CU Boulder researchers in physics and psychology lay out the case for how to attain parity in a recently published journal article titled, “Fitting in or opting out: a review of key social-psychological factors influencing a belonging for women in physics.” The researchers noted that women who left STEM majors reported “feeling like outsiders in the traditionally male-centered culture in STEM.”
Tiffany Ito, a professor of psychology and neuroscience at CU and one of the article’s authors, says a low sense of belonging could be contributing to fewer women in physics.
“You look around the class, and you don’t see people who look like you. That sends the implicit message that you’re not the type of person who belongs here, which contributes to a low sense of belonging,” Ito says.
The more valued and accepted students feel within their academic discipline, the more motivated and engaged they are in the classroom, resulting in higher levels of performance.
However, stereotypes in the predominantly male-dominated field of physics could prompt female students to feel less able to succeed.
“There’s the belief that some of the physical sciences and engineering and computer science are fields where you need to have more innate brilliance in order to pursue them,” Ito says.

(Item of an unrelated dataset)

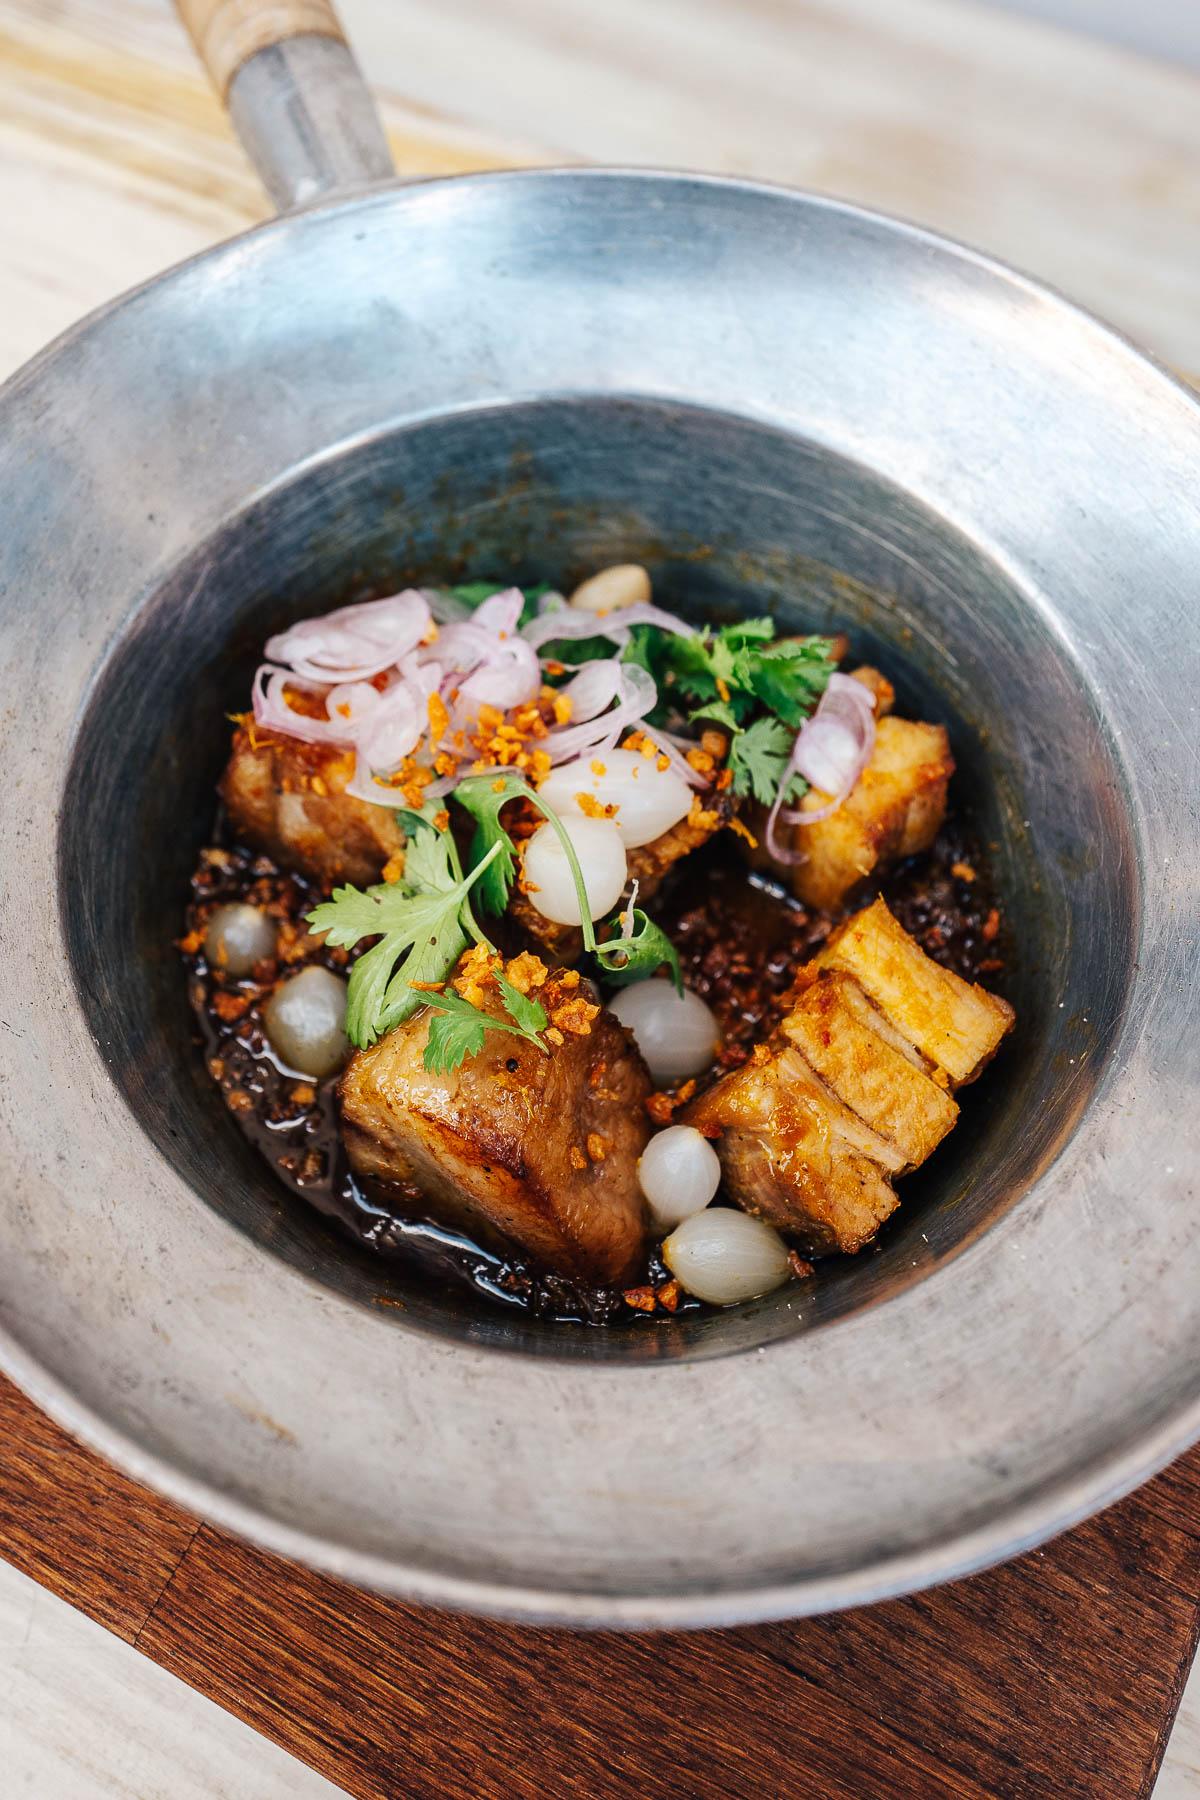 haeng lae curry (แกงฮังเลไต)

Noah Finkelstein, a professor of physics at CU who specializes in physics education research and one of Ito’s co-authors, adds, “Those things only get realized in social circumstances, and if we recognize that our job is to help people develop and reach their potentials, that we endorse hard work over brilliance, we will be much more inclusive in this enterprise.”
“The concern is that when students are in really challenging introductory classes, they think they are the only ones who are struggling like that and that therefore it means they are not cut out to do this, and this might be exacerbated for people who are underrepresented,” Ito says.
“Women might particularly think, ‘Everybody else is doing fine. I’m the only one who can’t master this material. It must be because I’m not cut out for this.’”
However, research shows that normalizing these struggles can aid students’ success, particularly women’s success.
“We’re focusing on an intervention to normalize struggles for students and to point out that it gets better,” Ito explains. “What we try to convey is that, in fact, most people are probably having those struggles to some degree and that if you persist, you will probably find a way to manage that and master the material.”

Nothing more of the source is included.